- Work instructions
Retype, exactly and completely, the listing that comes next, skipping its images.

+++ Data segment

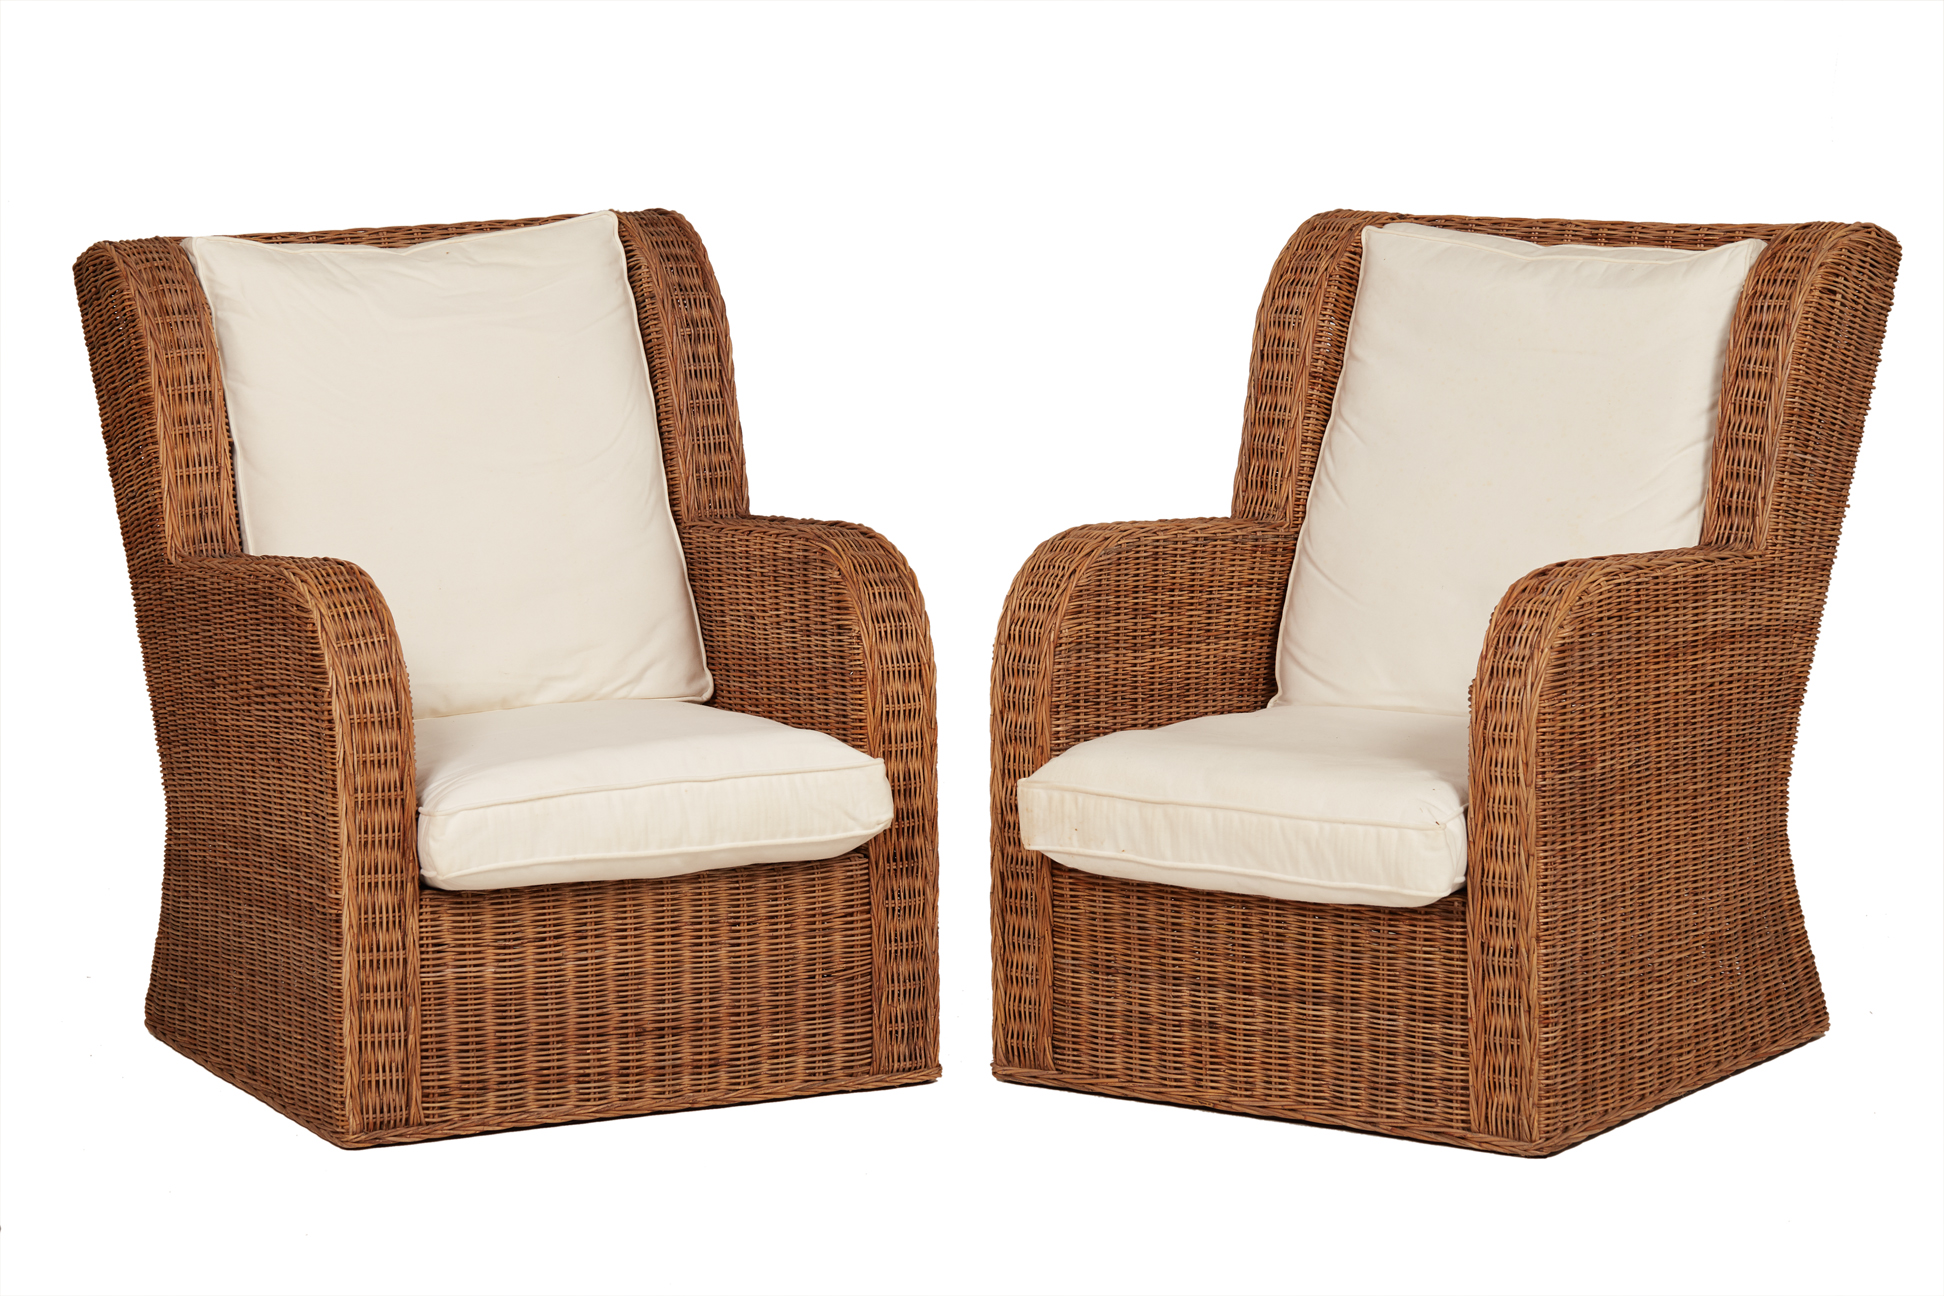 A PAIR OF ELEMENTS WICKER ARMCHAIRS
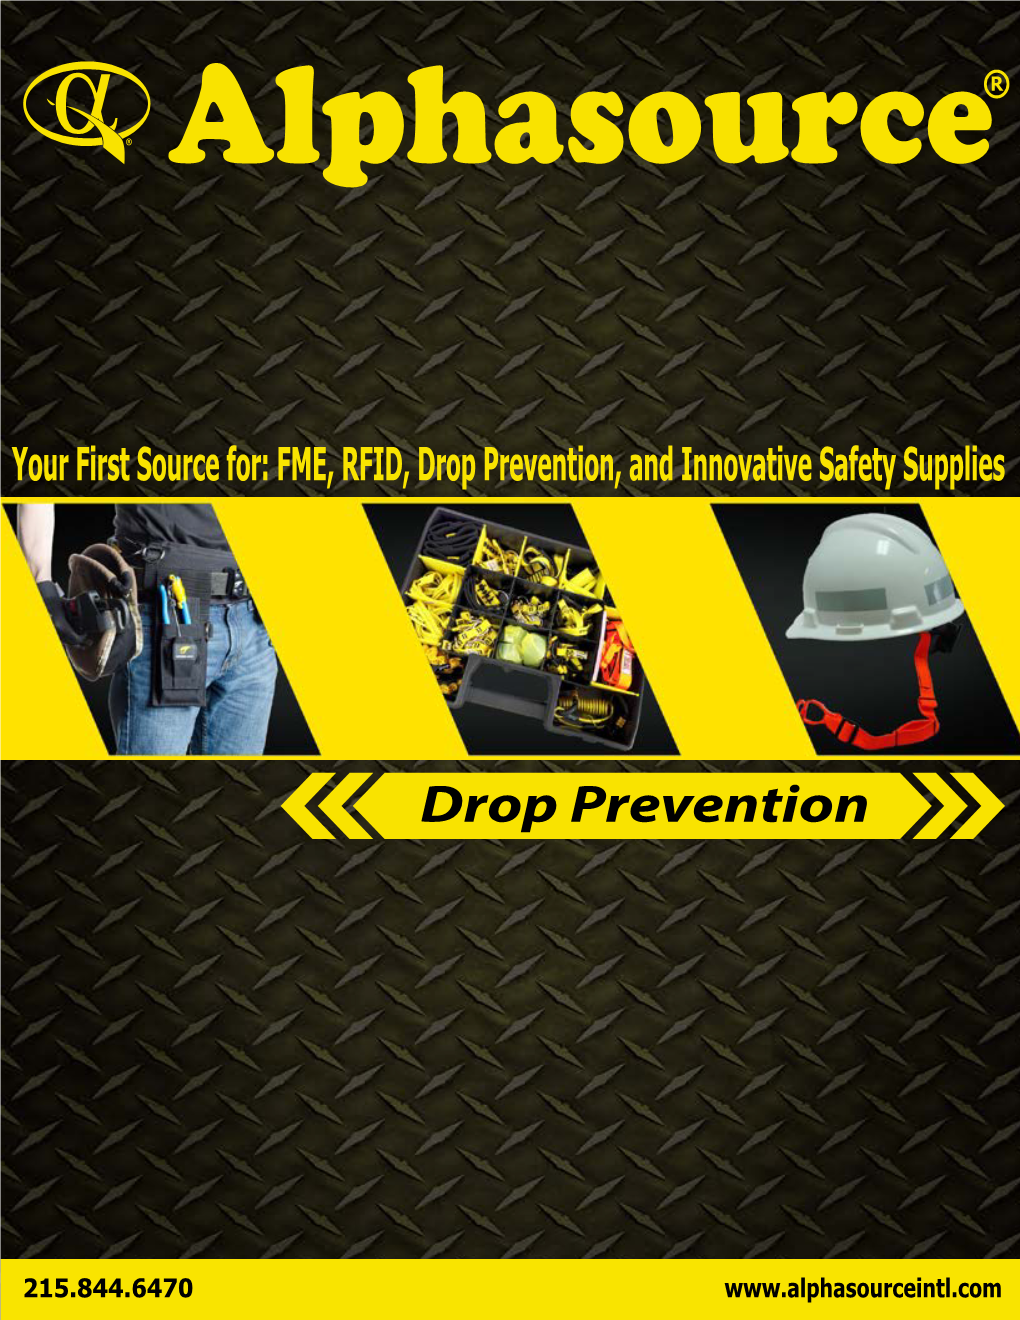 FME, RFID, Drop Prevention, and Innovative Safety Supplies
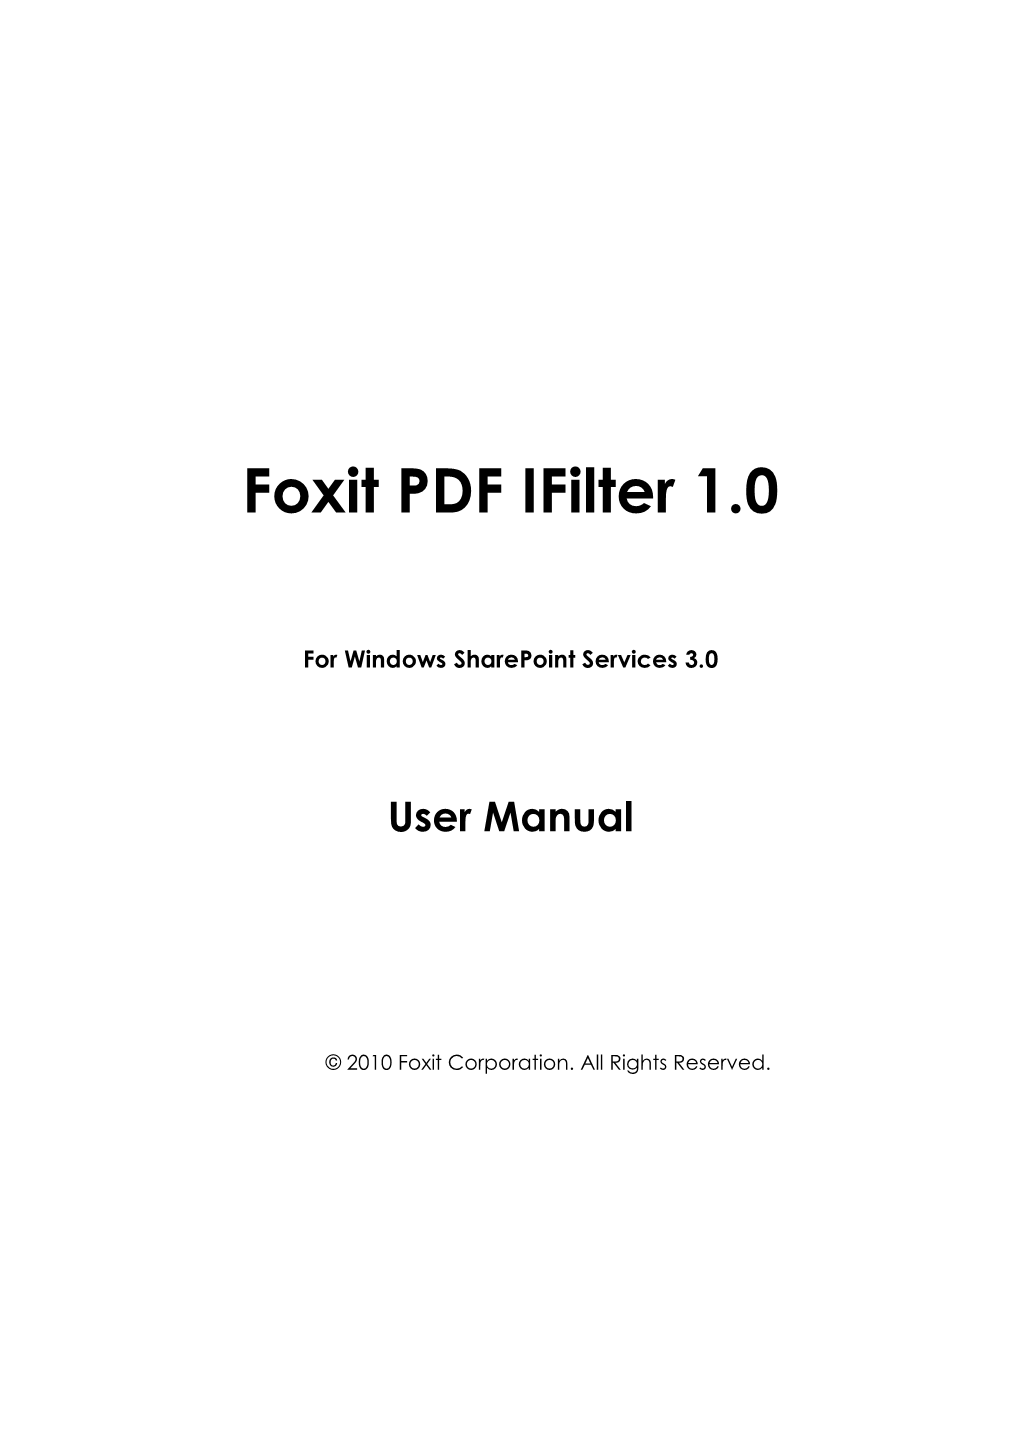 Foxit PDF Ifilter 1.0 for WSS User Manual
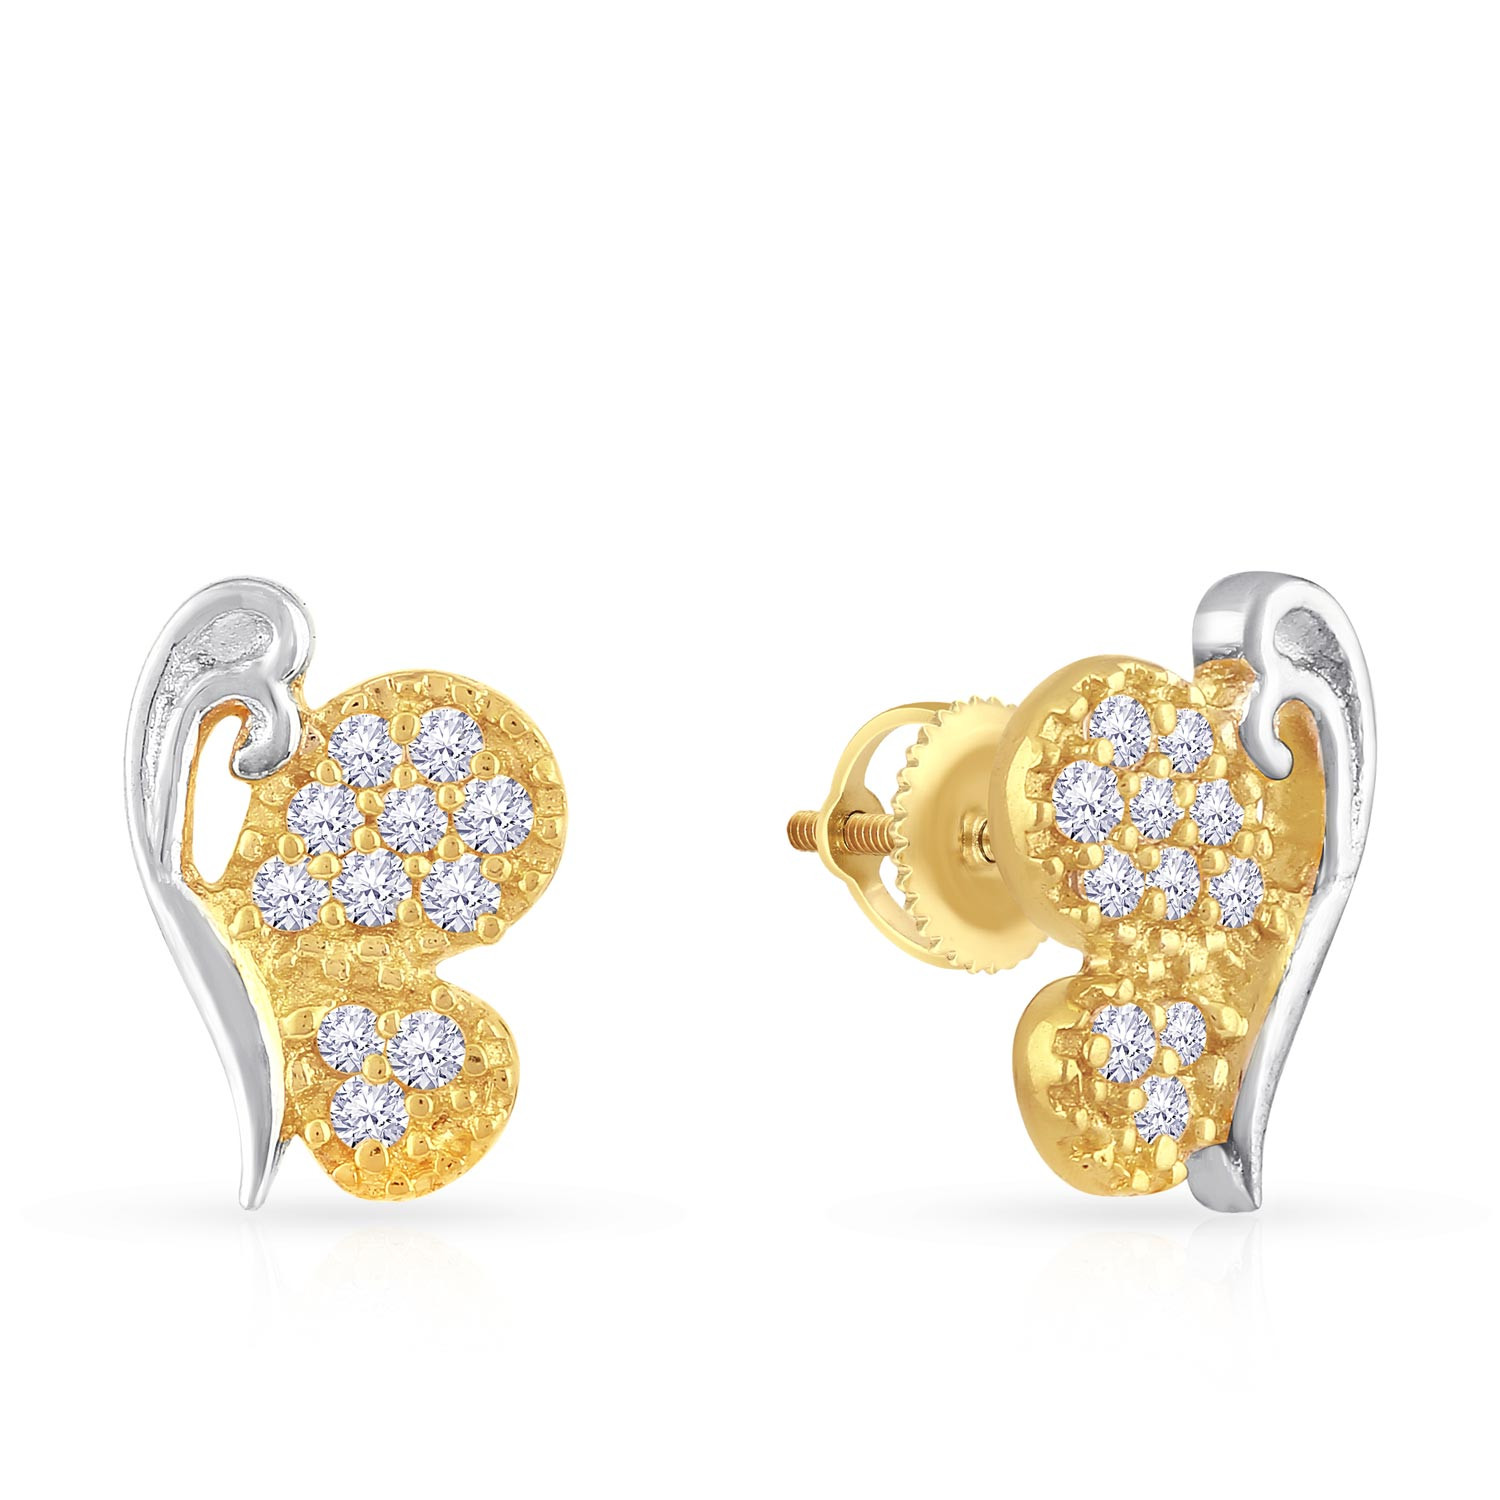 Malabar 22 KT Two Tone Gold Studded Earring EGSGHTYA0048

++++++

- Result of this exercise
 A PAIR OF ELEMENTS WICKER ARMCHAIRS
 FME, RFID, Drop Prevention, and Innovative Safety Supplies
 Foxit PDF Ifilter 1.0 for WSS User Manual
 Malabar 22 KT Two Tone Gold Studded Earring EGSGHTYA0048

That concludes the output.